Available data Block Start

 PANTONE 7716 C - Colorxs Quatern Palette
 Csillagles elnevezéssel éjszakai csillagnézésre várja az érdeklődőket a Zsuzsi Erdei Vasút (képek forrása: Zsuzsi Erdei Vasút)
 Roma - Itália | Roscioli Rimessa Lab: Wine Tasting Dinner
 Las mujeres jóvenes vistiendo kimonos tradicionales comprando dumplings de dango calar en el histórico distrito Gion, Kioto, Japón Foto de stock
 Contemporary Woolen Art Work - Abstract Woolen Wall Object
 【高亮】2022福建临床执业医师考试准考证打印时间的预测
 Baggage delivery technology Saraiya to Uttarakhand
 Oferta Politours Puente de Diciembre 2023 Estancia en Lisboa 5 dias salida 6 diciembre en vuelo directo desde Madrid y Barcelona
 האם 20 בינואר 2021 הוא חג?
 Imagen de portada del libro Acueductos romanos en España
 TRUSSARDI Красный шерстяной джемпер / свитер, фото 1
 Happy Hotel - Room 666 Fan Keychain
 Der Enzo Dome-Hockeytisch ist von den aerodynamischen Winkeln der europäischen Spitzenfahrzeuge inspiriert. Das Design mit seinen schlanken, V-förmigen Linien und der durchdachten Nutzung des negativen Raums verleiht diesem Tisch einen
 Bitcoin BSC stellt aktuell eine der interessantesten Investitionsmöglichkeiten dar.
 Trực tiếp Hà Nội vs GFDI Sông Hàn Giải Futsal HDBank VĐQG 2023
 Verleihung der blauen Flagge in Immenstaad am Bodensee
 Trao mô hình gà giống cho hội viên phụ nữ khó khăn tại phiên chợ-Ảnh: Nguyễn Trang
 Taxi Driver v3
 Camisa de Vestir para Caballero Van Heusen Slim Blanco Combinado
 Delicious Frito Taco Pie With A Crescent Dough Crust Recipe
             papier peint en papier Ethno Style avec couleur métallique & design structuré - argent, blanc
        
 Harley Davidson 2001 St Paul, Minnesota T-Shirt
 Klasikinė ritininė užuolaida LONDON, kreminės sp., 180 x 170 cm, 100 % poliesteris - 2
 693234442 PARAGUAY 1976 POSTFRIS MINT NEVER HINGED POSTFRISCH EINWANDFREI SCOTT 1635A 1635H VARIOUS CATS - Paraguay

Available data Block End

--- What to do ---
Which lines run from the one containing "Taxi Driver v3" through the end of the material? Output them exactly.

--- Response area ---
 Taxi Driver v3
 Camisa de Vestir para Caballero Van Heusen Slim Blanco Combinado
 Delicious Frito Taco Pie With A Crescent Dough Crust Recipe
             papier peint en papier Ethno Style avec couleur métallique & design structuré - argent, blanc
        
 Harley Davidson 2001 St Paul, Minnesota T-Shirt
 Klasikinė ritininė užuolaida LONDON, kreminės sp., 180 x 170 cm, 100 % poliesteris - 2
 693234442 PARAGUAY 1976 POSTFRIS MINT NEVER HINGED POSTFRISCH EINWANDFREI SCOTT 1635A 1635H VARIOUS CATS - Paraguay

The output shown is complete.